Roughly 2,000 years ago, the thylacine was likely driven to extinction on Australia's mainland by indigenous human hunting and competition from dingoes (wild dogs). By the time Europeans arrived in Australia, the marsupial was found only Tasmania, and not in large numbers. The thylacine was seen as such a nuisance and risk to livestock farmers, that the government even paid bounties for hunters to cull them. Competition from non-native wild dogs and the diseases they brought, as well as habitat destruction, also likely contributed to their demise.

As thylacine sightings grew rarer, authorities began to consider protecting the species. In July 1936, the Tasmanian government declared the thylacine a protected species, but it was too late: Two months later, the species went extinct.

Like many others, Berns was drawn to the thylacine and its strangely dog-like features. To get a peek into its mind, he first tracked down a thylacine brain preserved in formaldehyde at the Smithsonian Institution. That brain, which had belonged to a male Tasmanian tiger that lived at the National Zoo until its death in 1905, was joined in the study by another from Sydney's Australian Museum, according to the study published yesterday in the journal PLOS One.

Berns used MRI scans and a relatively new technique called diffusion tensor imaging, which maps the brain's areas of "white matter"—the tissue that carries nerve signals to and from neurons in different parts of the brain. For comparison, he did the same scans on two preserved brains of Tasmanian devils, the closest living relative of the thylacine.

Tasmanian Devil
The Tasmanian devil is the closest living relative to the thylacine, but it stands on the brink of extinction from habitat loss and disease. Wayne McLean / Wikimedia

Compared to its devil cousins, Berns says, the thylacine had a larger and more complex-looking frontal lobe. This would allow the animals a grasp of complex planning, which would be necessary for an apex predator that must constantly hunt for its food. This is in contrast to the Tasmanian Devil, Berns says, which usually scavenges its meals and wouldn’t necessarily need the same planning and hunting skills.
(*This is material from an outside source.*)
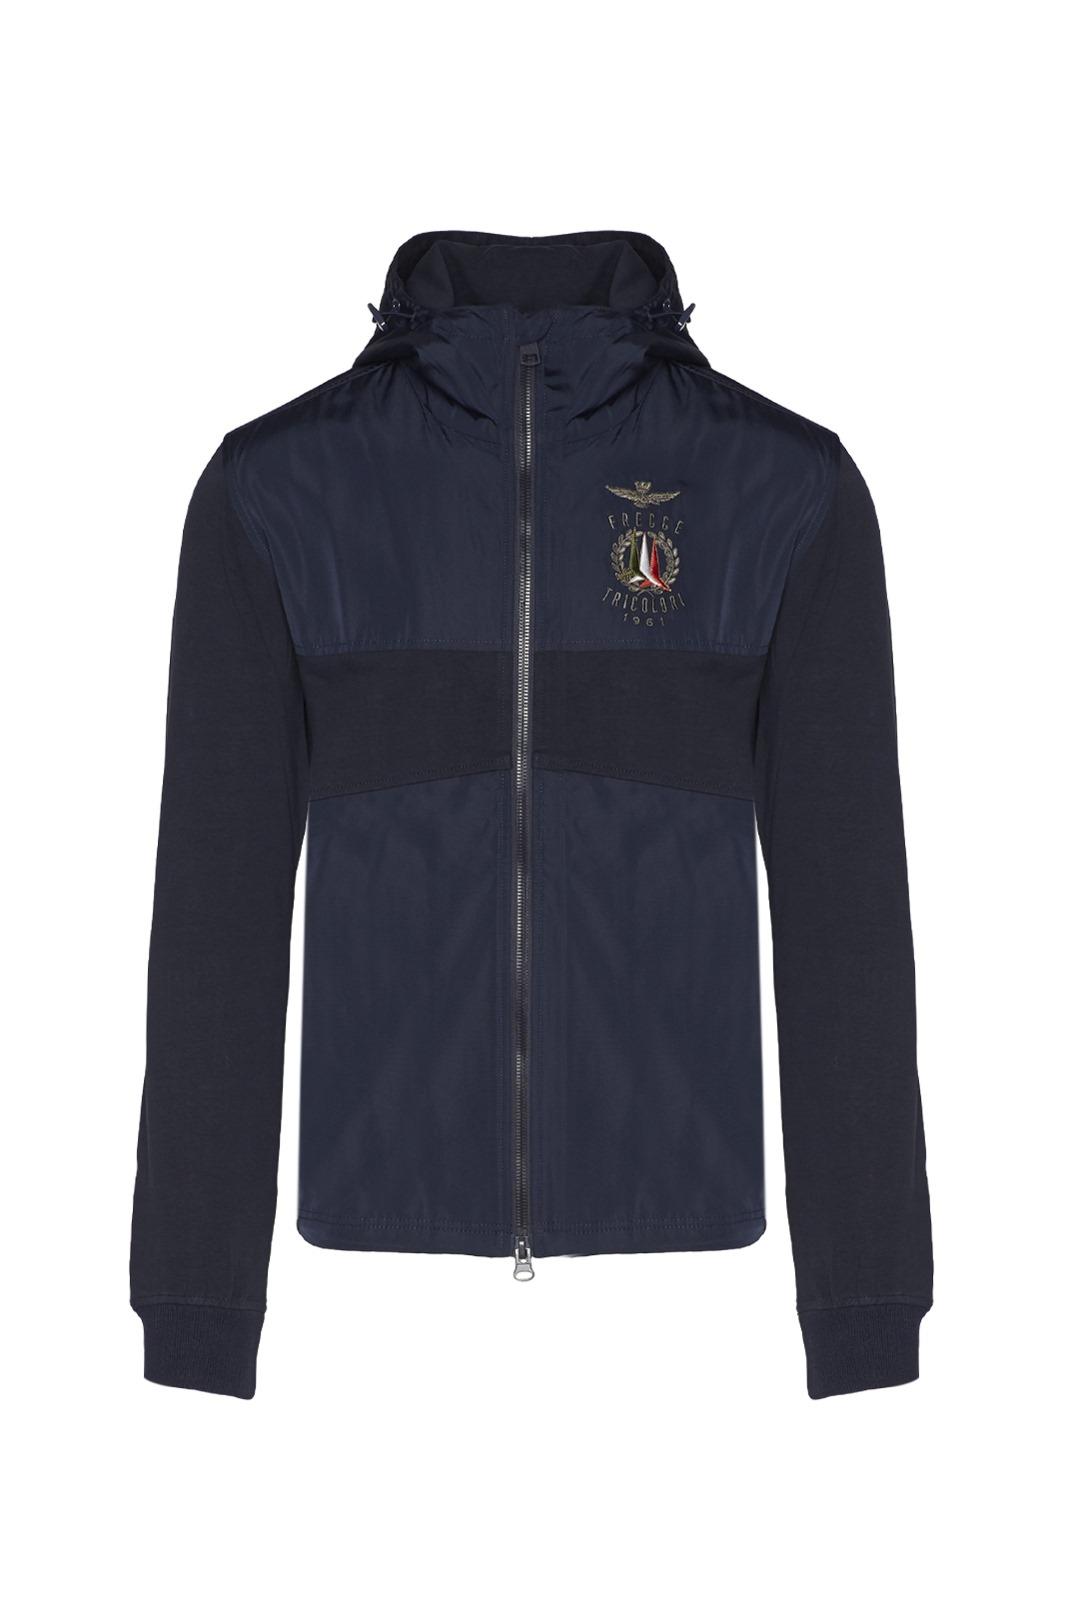 Frecce Tricolori fleece jacket           1

"When the thylacines were alive they were dismissed as stupid animals," Berns says. "[These results] would suggest otherwise."

Like the rest of an animal's body, the brain evolves as necessary to fill a certain environmental niche, Berns says. However, how exactly this process works outside of primates and lab animals has remained largely unstudied. "One of the things that I hope comes out of this is a better understanding of an animal's relationship between its environment and its brain," he says. "Not many people study the brains of wild animals.”
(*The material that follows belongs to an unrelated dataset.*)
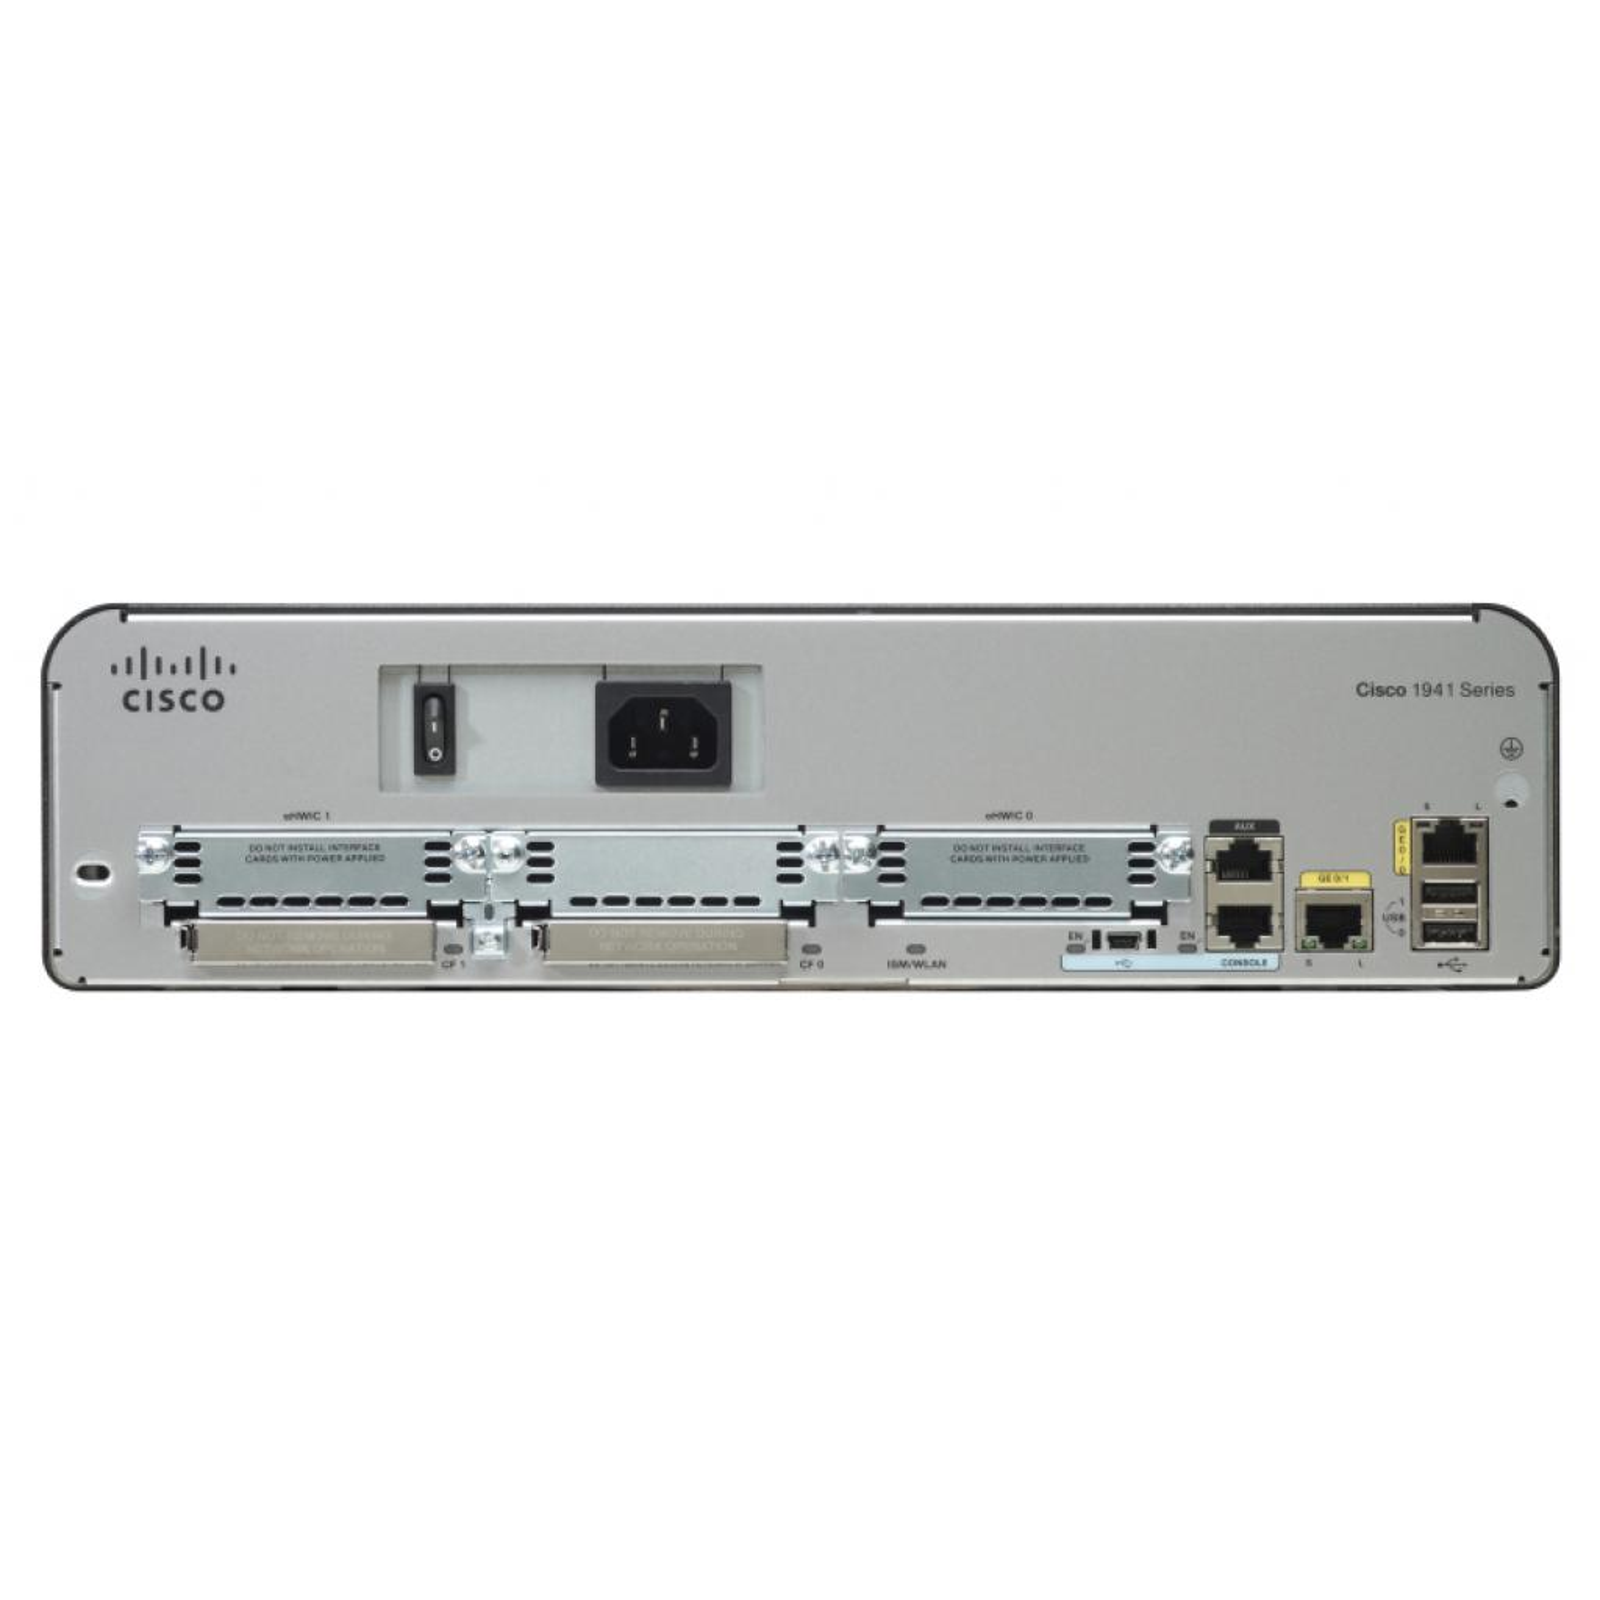 Маршрутизатор Cisco CISCO1941-SEC/K9 изображение 2

To remedy that, Berns launched a project called the "Brain Ark" two months ago in collaboration with Kenneth Ashwell, a neuroscientist at the University of New South Wales. Ultimately, the Ark seeks to create a digital archive of animal brain scans that scientists can study from anywhere in the world. So far, he's scanned about a dozen brains, he says.

Ashwell is particularly interested in seeing how the neural evolutionary tree can be mapped with more data from other species, living and extinct. Scans his team has done of Australia's short-beaked echidna show a similar neural architecture to the thylacine, meaning that the brain circuits of these two animals could have evolved in a common ancestor more than 200 million years ago. He also hopes that further scans could help scientists learn more about the poorly understood social behavior of the thylacine, and how it compares to living marsupials.

But the insights these scans could provide go beyond rare and fascinating animals long dead. Leah Krubitzer, an evolutionary neurobiologist at the University of California at Davis who was not involved in the study, says that similar studies of living and extinct and species will allow scientists to not only help map how animal brains have evolved—but also shed new insights on how the human brain evolved, and what exactly makes it so unique.

"I can't think of a better thing that could be funded," Krubitzer says. "This is part of our own history."

Correction, January 23, 2017: This article initially stated that Benjamin was a marsupial, but not a mammal. Marsupials are mammals that are typically born before they are fully developed, and continue developing in their mother's pouch.